AlzeCure shares soar over 300% after Eli Lilly strikes Alzheimer’s deal worth over $1bn

The agreement centres on ACD680, a preclinical small-molecule candidate from Alzecure’s platform. The candidate modulates gamma-secretase, an enzyme involved in the production of amyloid-beta peptides, which have long been implicated in Alzheimer’s. According to the press release, Eli Lilly will assume responsibility for the further development and commercialisation of the programme.

As the Swedish biotech company found a major pharmaceutical partner in Eli Lilly for one of its lead neurology programmes, its shares went up from SEK1,38 the day before the announcement to SEK5,70 at some point during the day of the announcement, marking a 313% jump in stock price. On the Eli Lilly side, the company adds another Alzheimer’s disease asset to its growing neurodegeneration pipeline.

Lilly bets on a new take on the amyloid hypothesis

Lilly’s interest in ACD680 comes as the company is already active in Alzheimer’s through Kisunla, its approved amyloid-targeting antibody. But instead of clearing amyloid plaques that have already formed, ACD680 is acting earlier in the amyloid pathway by changing how amyloid-beta peptides are produced.

ACD680 is a gamma-secretase modulator (GSM), and according to AlzeCure, the candidate is intended to reduce production of Aβ42, the amyloid-beta form most associated with plaque formation, while increasing shorter variants such as Aβ37 and Aβ38, which are considered less prone to aggregation.

Gamma-secretase has a difficult history in Alzheimer’s disease. Earlier attempts to block the enzyme, including Lilly’s semagacestat, failed in clinical trials after showing an unfavourable risk-benefit profile. The problem was that gamma-secretase does more than produce amyloid-beta. The enzyme is involved in processing several proteins, including the Notch receptor, which helps regulate cell development and tissue maintenance. By blocking gamma-secretase broadly, drugs such as semagacestat interfere with these normal biological functions.

The class had not disappeared, but it remains early today. Eisai previously advanced GSMs E2012, later improved and renamed E2212, before terminating its development in 2011, while more recent work has included Roche’s second-generation GSM programme. 

For now, however, ACD680 remains preclinical. AlzeCure says the programme has shown a favourable preclinical safety and pharmacological profile, leaving Eli Lilly to test whether this upstream amyloid approach can translate into clinical benefit.

Eli Lilly’s Alzheimer’s pipeline is thickening

Kisunla and Leqembi slow disease progression but do not stop it, and both are associated with amyloid-related imaging abnormalities (ARIA). The burden of both these treatments is also significant. It is too early to know whether ACD680 can overcome any of these limitations, but the deal suggests companies are still looking to improve on amyloid biology.

For Eli Lilly specifically, the AlzeCure deal adds a third amyloid approach to an Alzheimer’s portfolio that is already anchored by Kisunla and remternetug. While both of those therapies are designed to remove amyloid plaques from the brain, ACD680 targets an earlier step in the process by influencing how amyloid-beta peptides are produced.

Lilly is not treating the approval of Kisunla as the end of its amyloid strategy. Instead, the company is exploring multiple ways of intervening in the same biological pathway. Remternetug, currently in phase 3 development, represents a next generation of plaque-clearing antibodies, while ACD680 revives interest in modifying amyloid production itself through a small-molecule approach.

At the same time, Lilly’s Alzheimer’s strategy is not limited to amyloid. The company is also developing LY3954068, a MAPT-targeting siRNA that aims to reduce tau expression and is currently being evaluated in a phase 1 study. 

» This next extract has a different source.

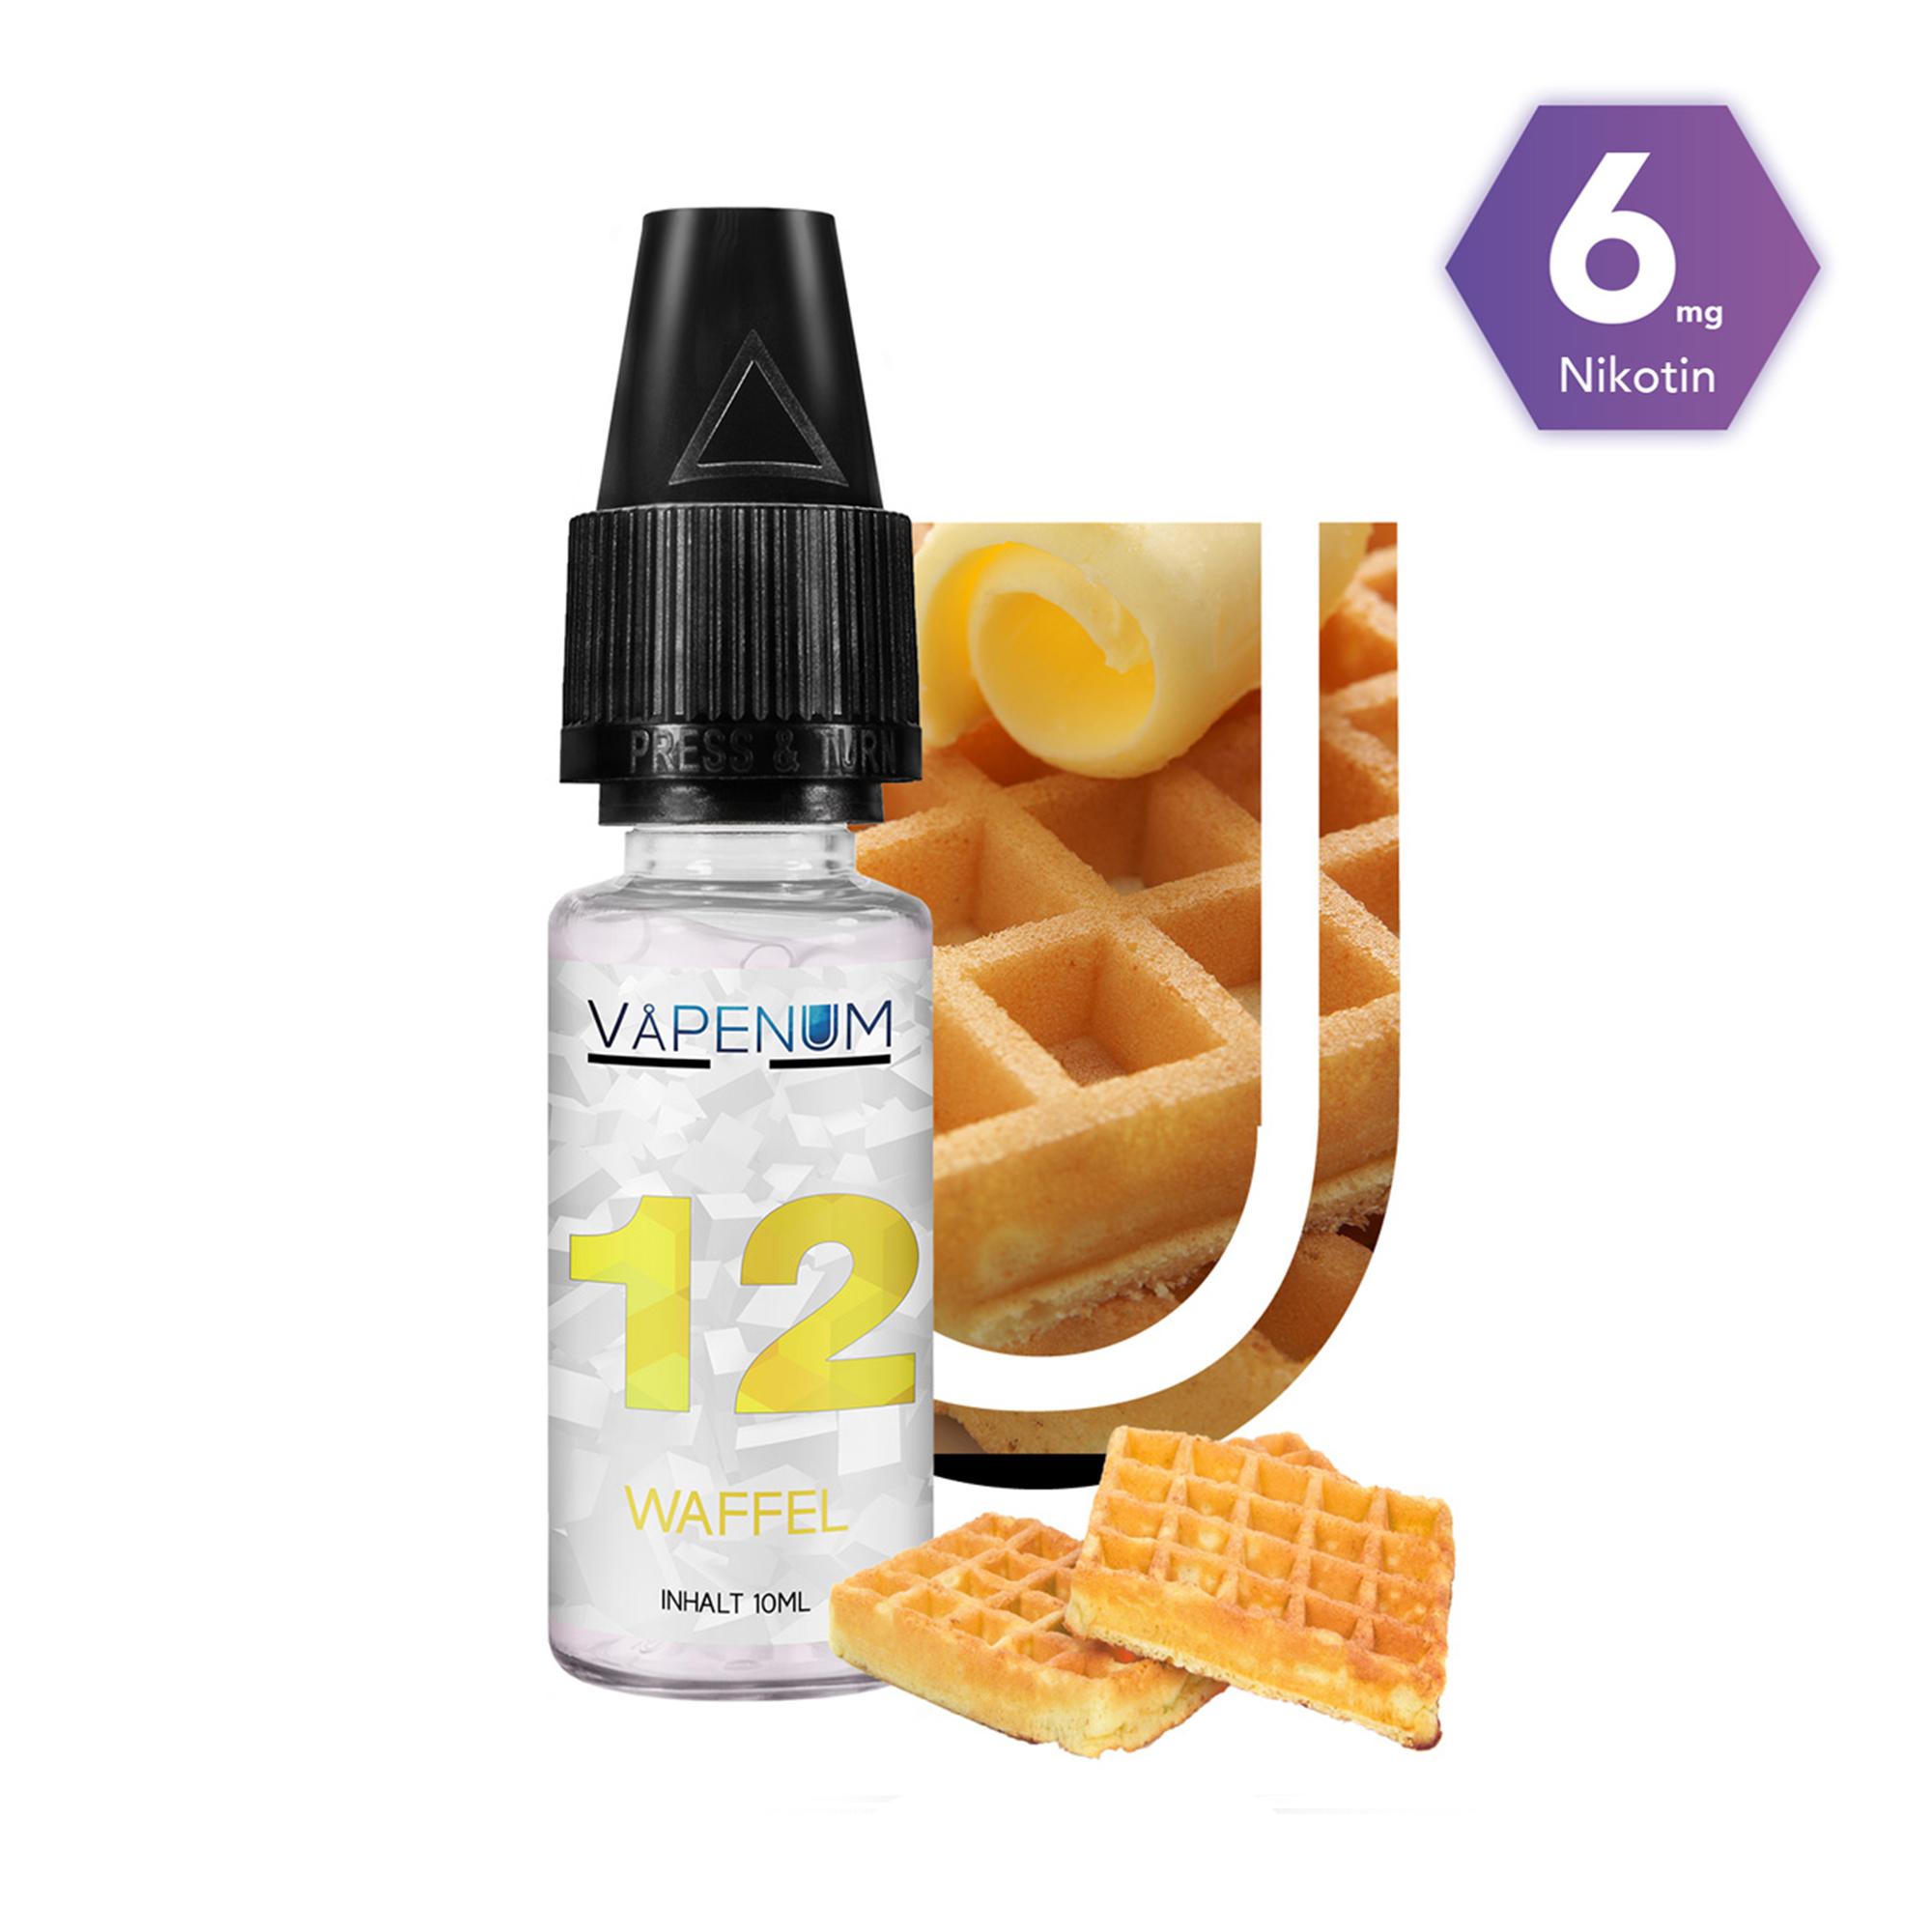 12 - Waffel Liquid by Vapenum
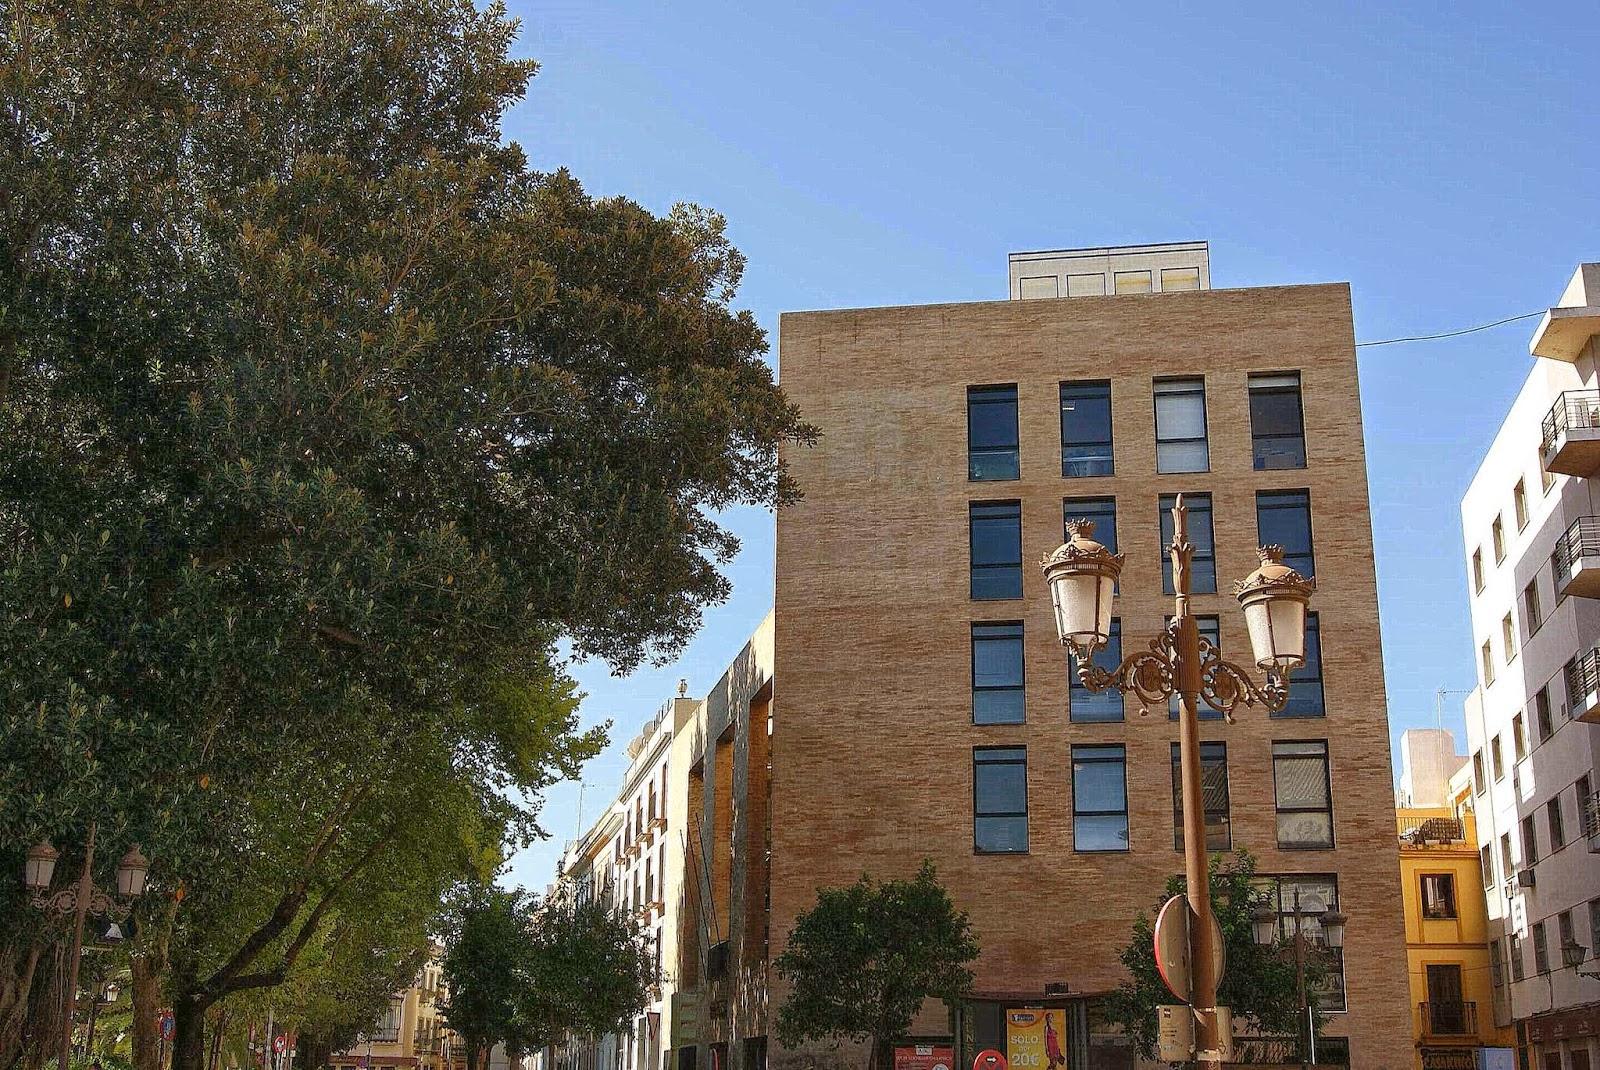 Leyendas de sevilla iglesia de san pedro ap stol i - Colegio de arquitectos sevilla ...

A 2026 Alzheimer’s disease drug development review identified that 158 therapies are currently in clinical development. According to that review, the field is becoming more diverse with amyloid based approaches representing only 20% of the drugs being evaluated versus 33% only 10 years ago. It is still an important share of the candidates and it means that despite the arrival of plaque-clearing antibodies on the market, companies are still searching for the most effective way to target amyloid biology. 

Amyloid approaches remain an important part of the pipeline, but they now face growing competition from other strategies. The review noted that tau-targeting therapies and candidates aimed at inflammation or immune dysfunction each account for around 20% of drugs currently in development, up from roughly 6% 10 years ago. 

The field might be becoming more diverse, but Lilly’s Alzheimer’s pipeline remains strongly anchored in amyloid biology compared to its historic competition, Biogen and Eisai, which have brought leqembi to market and now both have phase 2 tau targeting assets in their pipelines. Eisai shared positive phase 2 data for E2814 in December, while Biogen announced last month that the study evaluating BIIB080 did not meet its endpoint but it still plans of pursuing registrational development.